A few weeks ago, the Supreme Court ruled that former President Donald Trump has partial immunity from criminal prosecution for actions he took while in office. While this may be true under US law, if there’s one thing the past few weeks have shown conclusively, it’s that Trump enjoys complete immunity from political law.
This is both good news and bad news for Trump supporters.
For a variety of reasons, my social circles tend to lean left politically, and as a result, I often hang out with fun people who live in completely different political worlds, all of whom know what I do for a living and frequently ask me for my opinion on how the right sees things.
I remember well their jubilation when Trump was convicted of 34 felonies in May. A convicted felon plummets in the polls, they reasoned, and surely the public wouldn’t elect him. A few of them came up to me and asked how a conviction would affect the 2024 election.
They were shocked when I honestly told them that a guilty conviction would have no effect on the race.
If the polls are to be believed, his opponent’s television gaffe did not do Trump much good.
For anyone who has followed politics for the past decade or more, it is certainly quite shocking that 20+ felony convictions have no impact on a presidential election. Have Anyone who has followed politics over the past decade should not be surprised that this will have no impact, especially on Trump.
Trump has always been more or less exempt from the rules that have governed American politics since World War II: other candidates’ steep declines in the polls have no effect on him.
That was true in 2016, and it’s even more true now that Trump was actually elected president and served four years. For better or worse, there is almost no one in America today who doesn’t have a pretty specific view of Trump. The number of people with a flexible view of the most polarizing figure in modern political history is incredibly small, and getting smaller. After the past decade, it’s pretty hard to think of anything about Trump that would surprise Americans.
And how did the American people react to Trump’s conviction?… Hardly anything. According to the RealClearPolitics polling average, Trump had an average lead over Biden of 0.8 points on May 31. A week later, that lead remained at 0.8 points. If you believe the polls, his conviction literally had no impact.
Unfortunately for Trump’s supporters, this appears to be a two-way street: Two events have happened in the past three weeks that would have boosted any other politician’s approval ratings by double digits.
The first of these, of course, was the June 27 debate between Trump and Biden, which was panned by everyone, including Biden himself, as a major failure for Biden.

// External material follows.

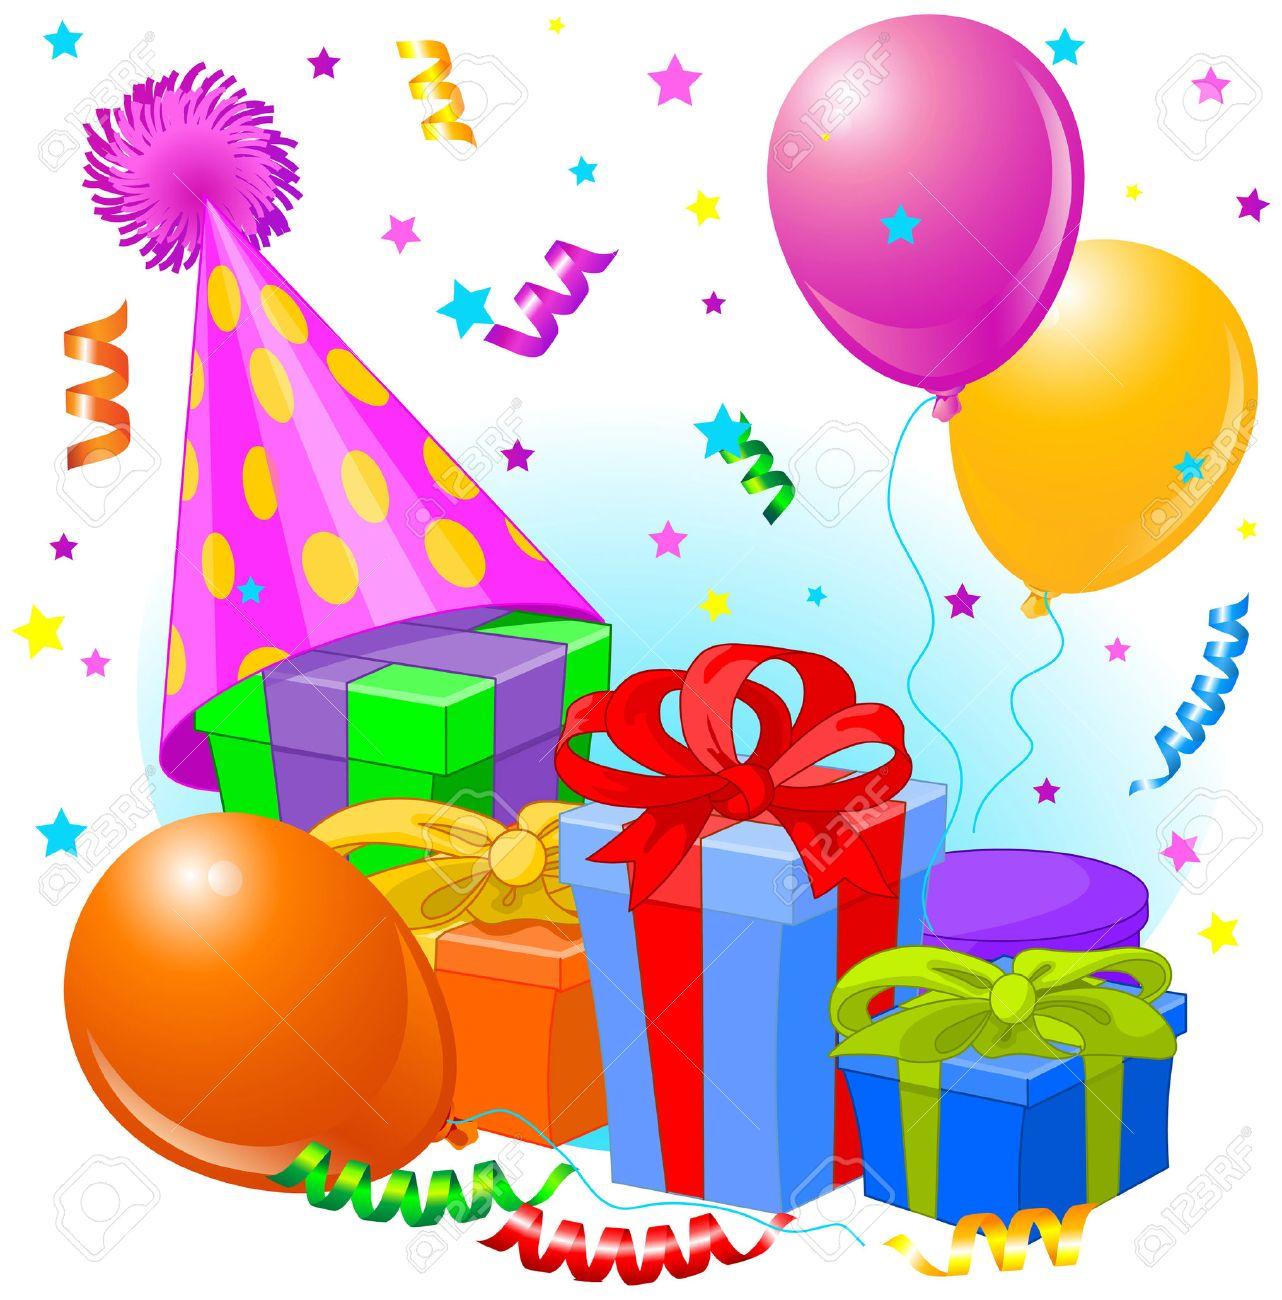 Regalos De Cumpleaños Y Decoración Listo Para La Fiesta De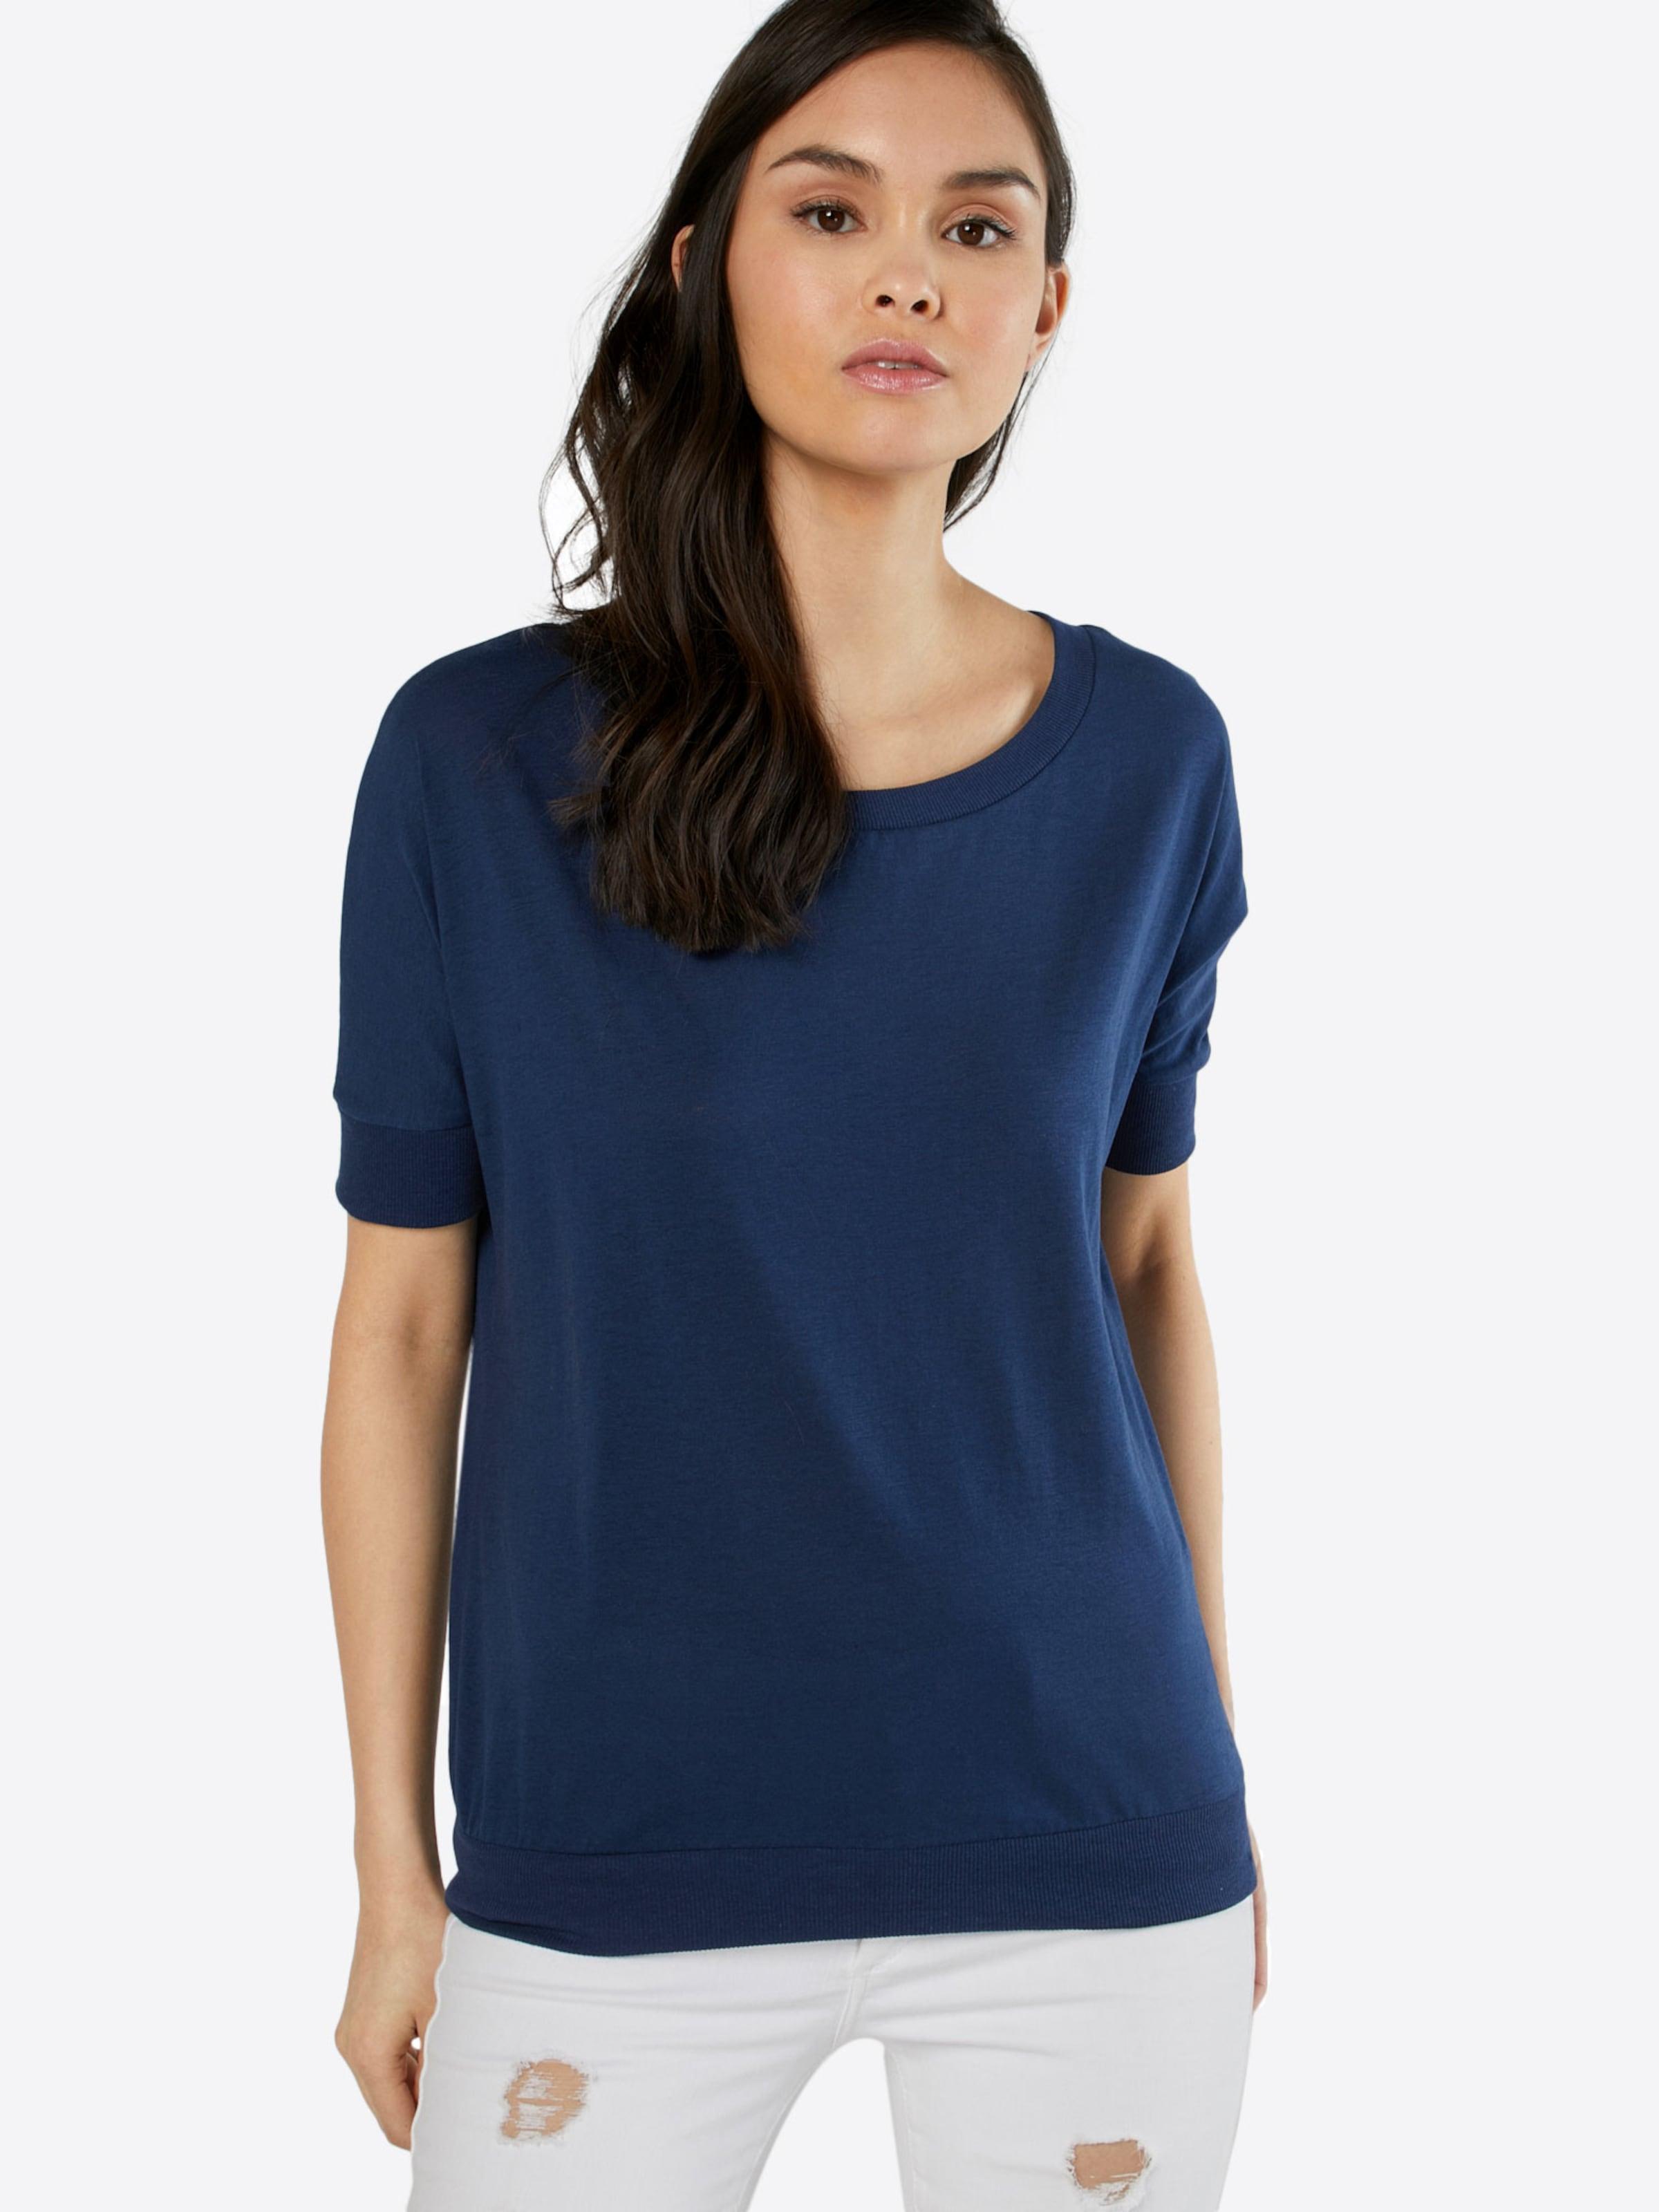 Neuester Günstiger Preis s.Oliver Denim V-Shape-Shirt mit Bündchen Billig Verkauf Genießen Echte Online kAkFgox

But calling it a “fiasco” is an injustice to the fiasco. The first debate between Barack Obama and Mitt Romney was a fiasco. Biden’s performance was anything but. Not only did Biden lose, but he spent 90 minutes live exposing his weaknesses: his age and visible senility, in a highly embarrassing way. His performance was so spectacular that partisan Democrats on CNN and MSNBC have almost uniformly spent the last three weeks on the air trying to convince Biden to drop out of the race.
But if the polls are to be believed, the collapse of his televised opponents doesn’t seem to have done Trump much favor. The last pre-debate poll came in on June 28, when Trump held a 1.9-point lead in the RCP average. A week later, Trump’s lead had fallen to 3.3 points. That’s a change, but it’s so slight that it could be explained away as statistical noise.
Compare this public reaction to Michael Dukakis’ relatively mild response to the question of whether he would support the death penalty if someone killed his wife. Dukakis’s answer was essentially well thought out and clearly stated. It was out of step with what Americans thought, and as a result, George H.W. Bush 4-point lead Pre-debate polls showed They opened up a 17-point lead Post-debate polls showed the Republicans winning, effectively ending the election.
By comparison, the fact that Biden’s 90-minute “Weekend at Bernie’s” performance may have moved the polls by a percentage point is nothing short of astonishing.
Similarly, the old rules of politics would have predicted that a candidate who survived an assassination attempt would enjoy a significant (at least temporary) boost in the polls, especially given the iconic image of Trump, bloodied-faced, pumping his fist into the crowd and mouthing, “Fight! Fight! Fight!”
Historical comparisons here are obviously scarce, but the only similarity we have suggests that Trump should have seen a significant boost in approval ratings. When John Hinckley attempted to assassinate Reagan in March 1981, Reagan’s approval ratings soared from the low 50s to the high 60s. It remained that way for most of the year..
In contrast, the assassination attempt on Trump appears to have had little impact on the race: Two polls based on interviews conducted after the assassination attempt gave Trump leads of 2 and 4 points, respectively. The exact same results as in the polls conducted before the assassination attempt.
The usual caveats apply here: there is good reason to believe that polling is an increasingly imperfect science, and we should also be mindful that, as the 2016 and 2020 elections demonstrated, a swing of one or two points can make a big difference in electoral vote totals.
But with Trump, it’s clear that there hasn’t been any seismic shift in public opinion at this point that has affected nearly every other politician: People know who Trump is, and they’ve already made up their minds about him. That’s it.
For better or worse, all the rules of politics don’t apply to Trump.